- [Data excerpt]
■ ■ ■ ■ ■ ■ ■
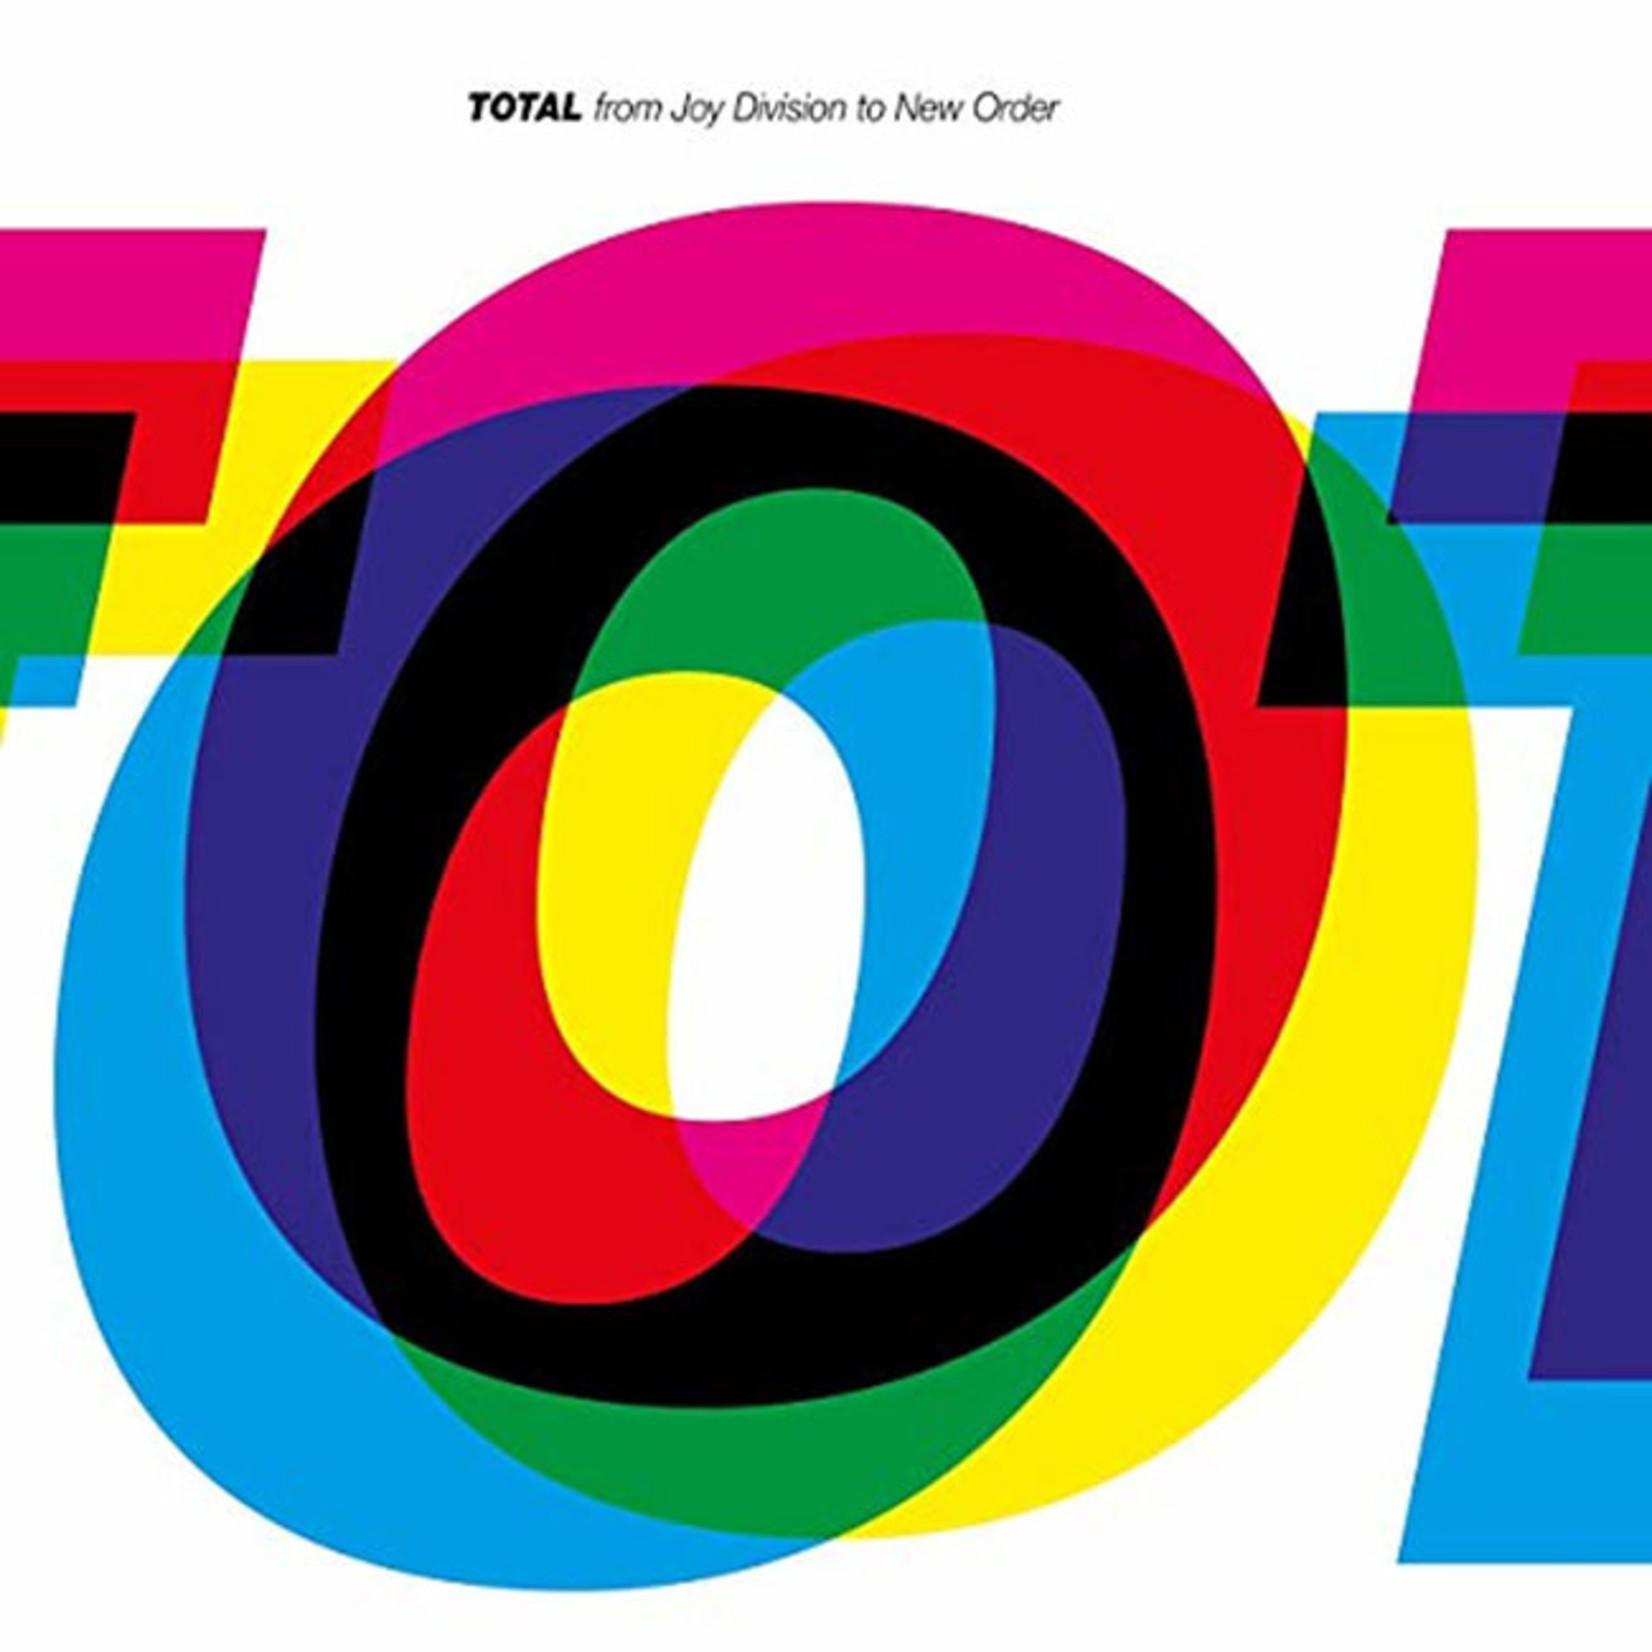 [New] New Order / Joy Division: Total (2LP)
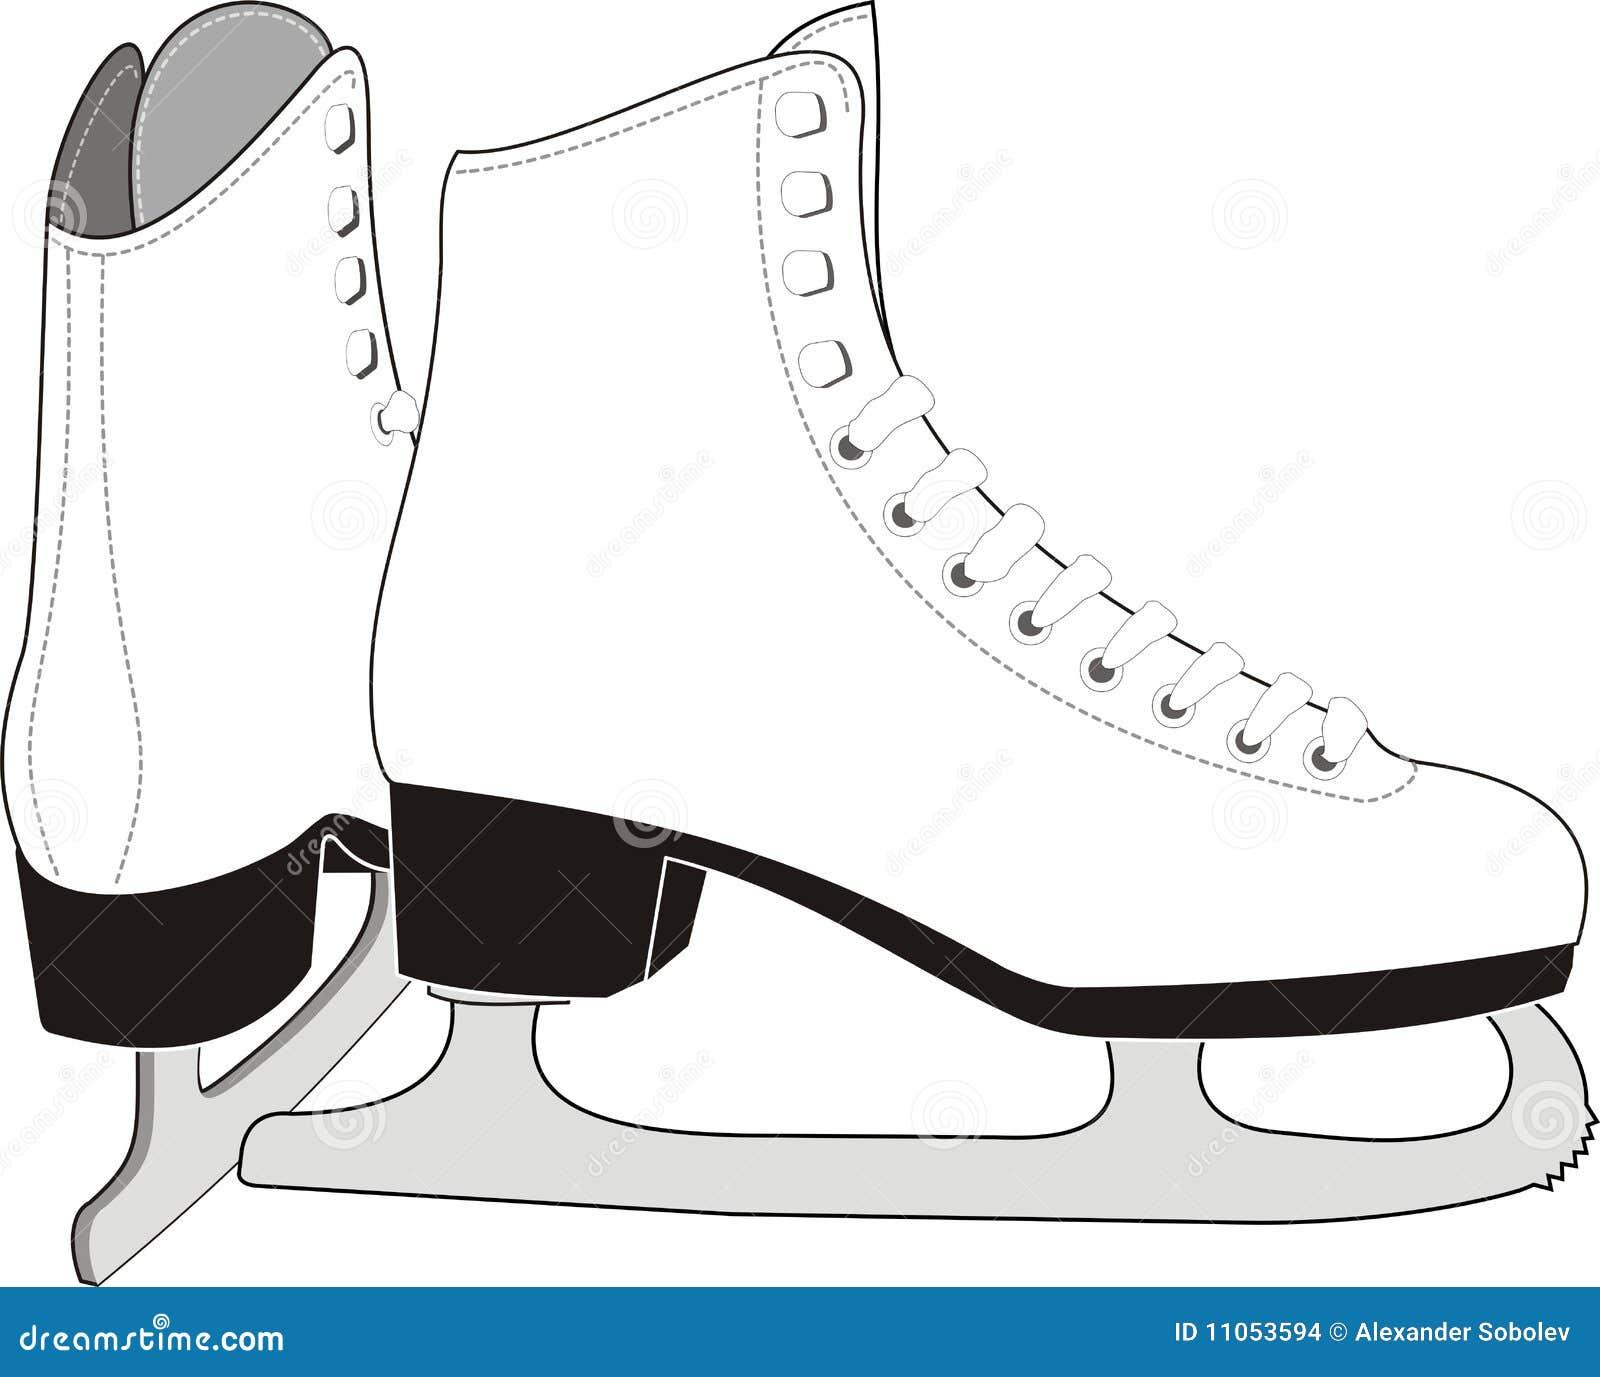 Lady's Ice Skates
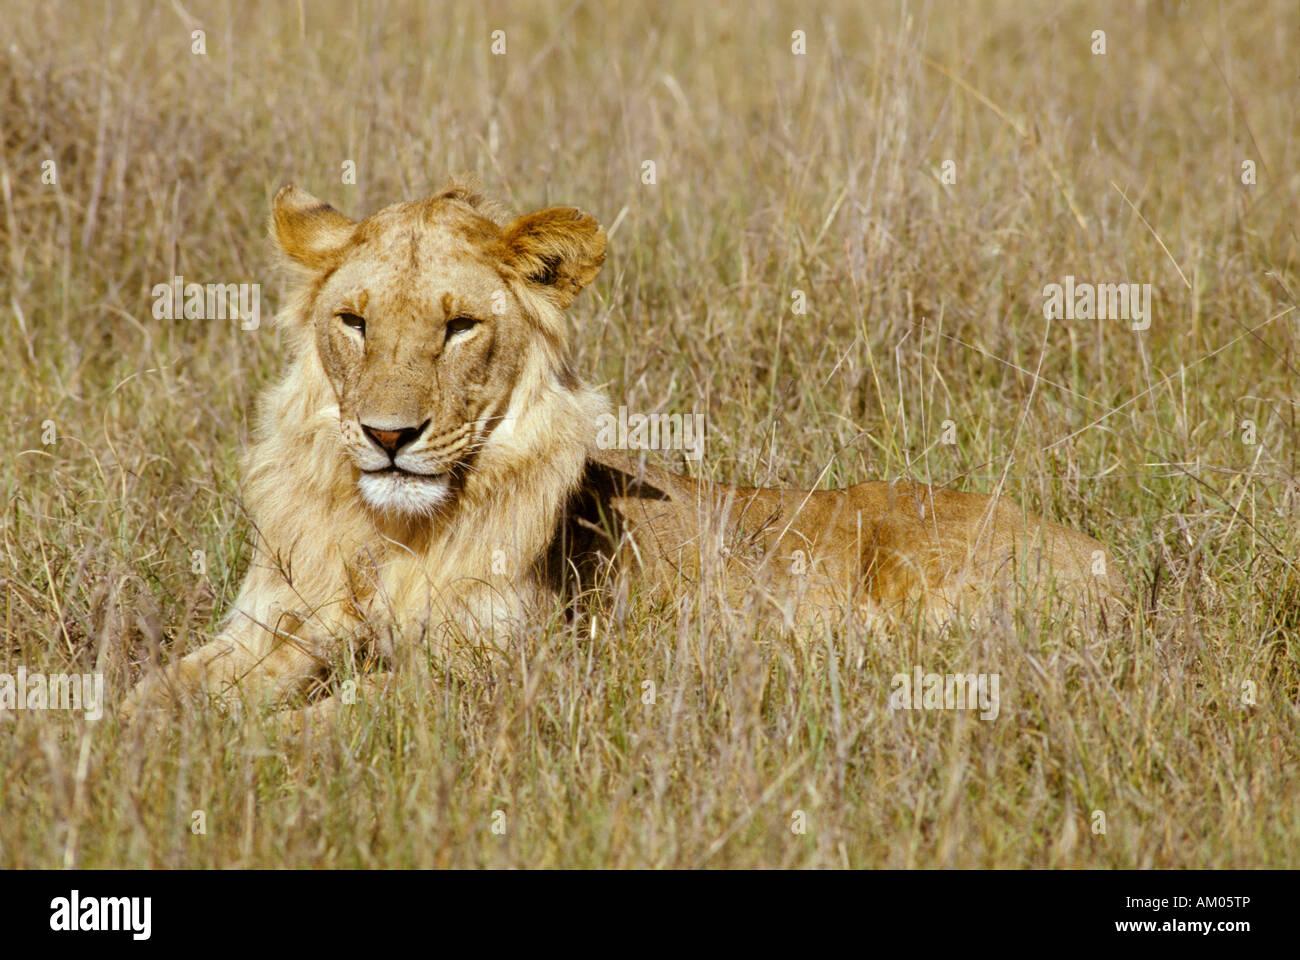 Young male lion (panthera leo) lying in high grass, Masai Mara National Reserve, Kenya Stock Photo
■ ■ ■ ■ ■ ■ ■
Would you copy out the material above exactly, without the pictures in it?

- [Expected answer]
 [New] New Order / Joy Division: Total (2LP)
 Lady's Ice Skates
 Young male lion (panthera leo) lying in high grass, Masai Mara National Reserve, Kenya Stock Photo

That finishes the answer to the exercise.